Jason took his arm. He had tossed away his ivy crown. “Sit down before you fall down.” Rictus was led out of that focused space in their midst, to the periphery of shadows. A cane stool was found for him, and more wine. A Juthan girl poured it, her blue-black hair in a pigtail that touched his wrist as she bent. He smiled at her, but there was no answer out of the yellow eyes. Jason stood at his side and watched the wrangling, the debating, and the barely restrained animosity go their inevitable way about the banqueting couches. Phiron stood at Arkamenes’s side now, speaking swiftly to the Kefren prince and hammering his fist into his palm.

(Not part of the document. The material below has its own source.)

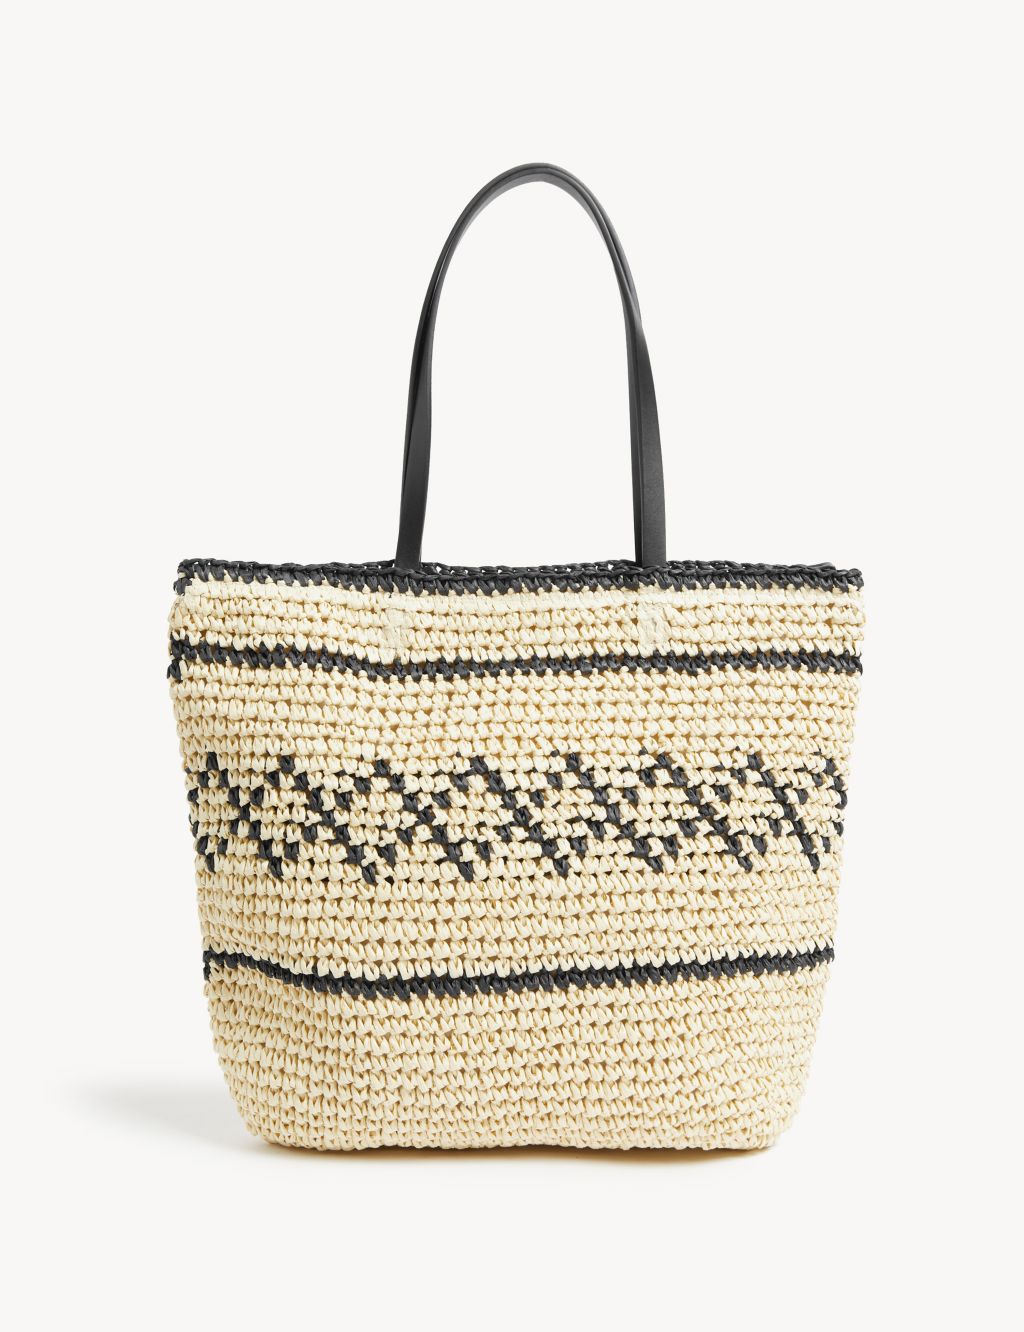 Straw Woven Tote Bag image 1

“What a marvellous thing a Council-of-War is,” Jason said, shaking his head.
“Jason. I saw what I saw. I am not a fool.”
“I know that, Rictus. But all they see is a young buck out on his feet and covered in shit.”
“We need to get more of the Hounds out there, quartering the ground, or some of the Kufr cavalry.”

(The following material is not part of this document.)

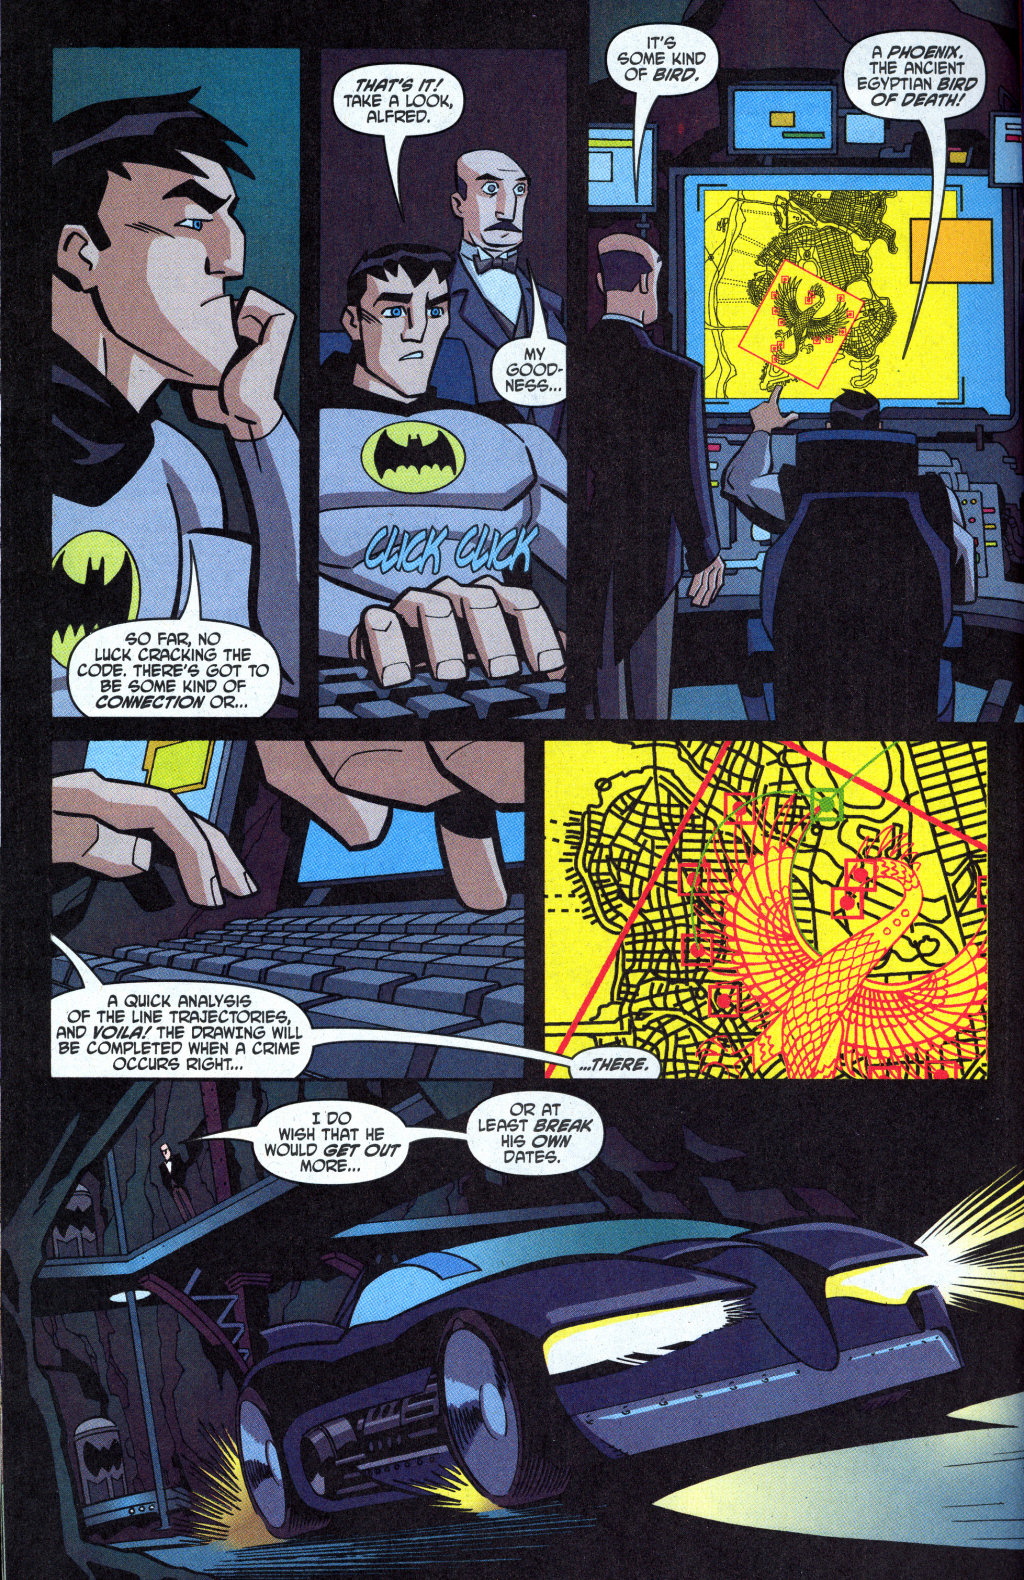 The Batman Strikes! issue 1 (Burger King Giveaway Edition) - Page 14

“Oh, I agree, but the Kerusia must stop talking first.”
Rictus sank back against the heavy leather wall of the tent. The wine had lit up his insides and fogged his mind. He was nodding where he sat. He fell asleep with the clay winecup still clenched in his fist, the endless sound of the voices beating about under the flickering glare of the golden lamps, and the strange perfumes of the Kufr filling his head with dreams.
Thirteen
THE OTHER SIDE
OF THE MOUNTAIN
“He has made good time,” Vorus said, reading the end of the despatch. “I had thought we might catch him still on the western bank of the Bekai, but he is across with all his baggage.”
“Arkamenes’s troops have learned how to march,” Proxis agreed grudgingly. “But it is no matter. We have the numbers, and the ground is adequate.”
“The ground,” Vorus mused, “is bad for cavalry; too many ditches. And it’s wet. The Macht will like this ground, Proxis. It will give them something to stick their heels in.” He slapped shut the despatch scroll.
“There are ten thousand Macht, I hear. Even ten thousand cannot prevail against the force we have brought into the west.”
As one, the pair of them turned and looked eastwards, back at the looming wall of the Magron Mountains. Memories. Fighting to force double-axled wagons through the drifts, whole companies roped together, heaving them onwards by main force. Kefren huddled in windbreaks of flesh as the snow whirled around them. The bodies of those left behind, stark against the snow in their wake, waymarkers of carrion.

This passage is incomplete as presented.